Farzam Matinfar. A Computational Model for Measuring Trust in Mobile Social Networks Using Fuzzy Logic[J]. International Journal of Automation and Computing. doi: 10.1007/s11633-020-1232-5
Citation: Farzam Matinfar. A Computational Model for Measuring Trust in Mobile Social Networks Using Fuzzy Logic[J]. International Journal of Automation and Computing. doi: 10.1007/s11633-020-1232-5
    • With the development of the Internet and new computing tools such as smartphones and tablets, many community members make part of their social activities involve spending time in virtual environments and social networks, using them as the most widely used information resources. In recent years, various social networks have been created, such as Facebook and Twitter, and users can work on them. With the development of communication tools and new technologies, mobile social networks have been expanding, resulting in a combination of social and mobile networks. In social networks, information diffuses and users affect each other[1]. Users can find and interact with friends on these networks and use their distributed services. For example, when a user is looking for a good traditional restaurant in another city, they can receive suggestions from their friends or friends of friends. In this regard, one of the most important issues is the level of trust taken towards other users. In fact, in mobile social networks, trust criteria are used to distinguish between friends and other network users. Therefore, cooperation based on trust in such networks can reduce the vulnerability of these networks and, in fact, the success rate of such environments depends on the level of trust among its users[2, 3]. Trust has many characteristics, such as subjectivity, dynamism, symmetry, context, transitivity, etc. Depending on the different domains in which trust is used, different aspects of those characteristics are taken into account.

      Applying trust in such networks has different challenges and problems[4, 5]. The most important problem is that trust should be presented in the form of a computational model. In this regard, design and creation of a computational model is not an easy task. The reason is that trust is a cognitive and subjective feature with different meanings in different domains[68]. For example, on the Amazon site, users use the star sign to indicate the usefulness of other users′ comments, or on another site, the number of file downloads can be considered as a criterion for determining the quality of files.
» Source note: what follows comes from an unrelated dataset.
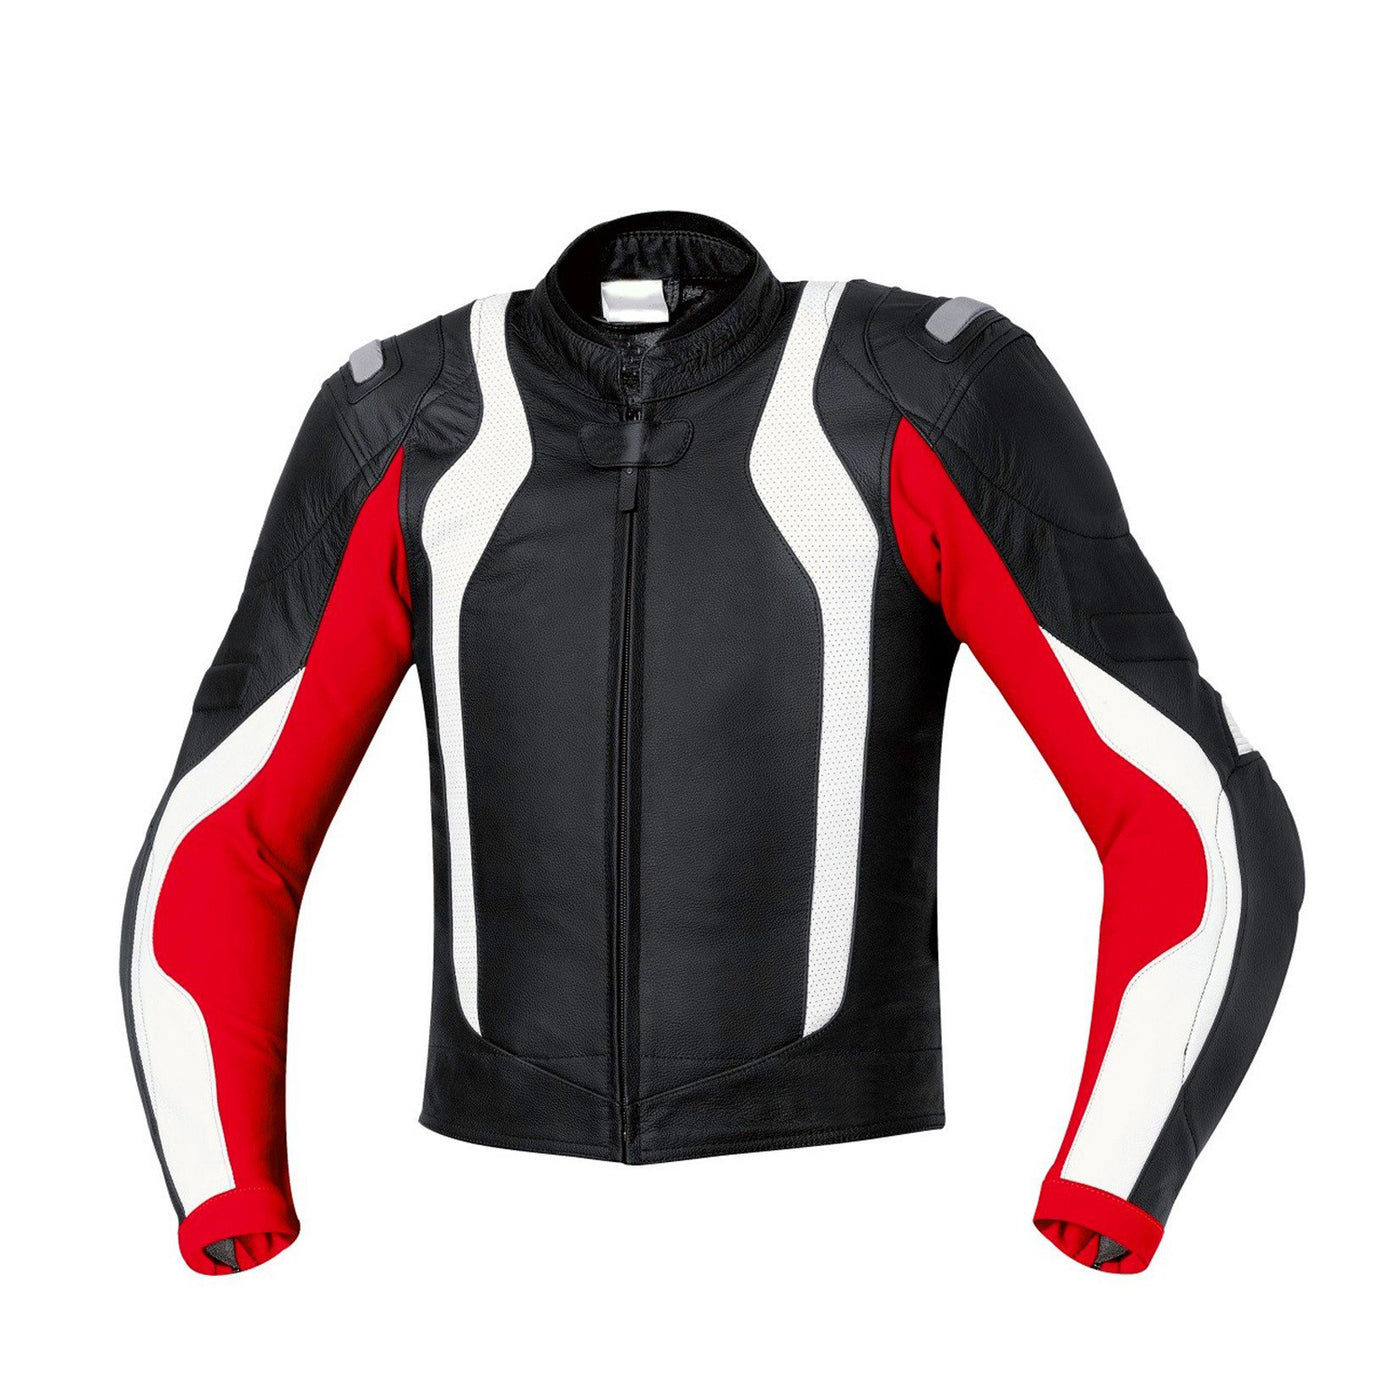 Motorcycle armor protection jacket in black, red, and white

In Twitter[9], real friends and suggested friends are distinct, and the numbers of tweets that exist between the two users are used to distinguish them.

      Displaying trust as a computational model requires its own design and modeling. It should also be noted that mobile social networks have their own characteristics in comparison with traditional social networks and real life[10]. For example, in real life, there are a limited number of friends, but in a social network such as Facebook, a user can have thousands of friends. In addition, the way in which trust is formed in different environments is also different. For example, in real life, people′s trust in each other develops over a relatively long period of time, but in social networks, there is a need for a solution that can, in a shorter time, provide the trust that one user can have towards other users. In real life, trust is also gained through face-to-face experiences and appointments. But, on mobile social networks, there are virtual interactions and relationships. Hence, regarding the existence of thousands of potential friends in mobile social networks, it is necessary to design a trusted model through which, based on the computing power of existing tools, it can calculate the amount of trust to be taken towards users[610].

      Another serious problem in this area is the inference of trust between two people who are not friends. Most of the time, users benefit from services provided by individuals who do not have direct contact with them and communicate with them through their friends. It has also been shown that, in online communities, the number of two-by-two communication connections is relatively small in relation to the potential total number of two by two communications[9, 10]. In other words, the number of friends of a user includes a limited number of users of an online community. Therefore, a method should be designed to build trust between people of a community that are not necessarily friends. Models created in this area are generally designed based on the "friend-friend" relationship[11]. Different users may have contradictory judgments of an entity[12]. Therefore, the dynamics mechanism is needed to define the trust class. Most previous studies have not focused much on this topic, which may lead to incorrect and unfair outputs for decision making. Classification approaches can handle some of these problems[13]. However, in these approaches, we need to define class labels before the classification step.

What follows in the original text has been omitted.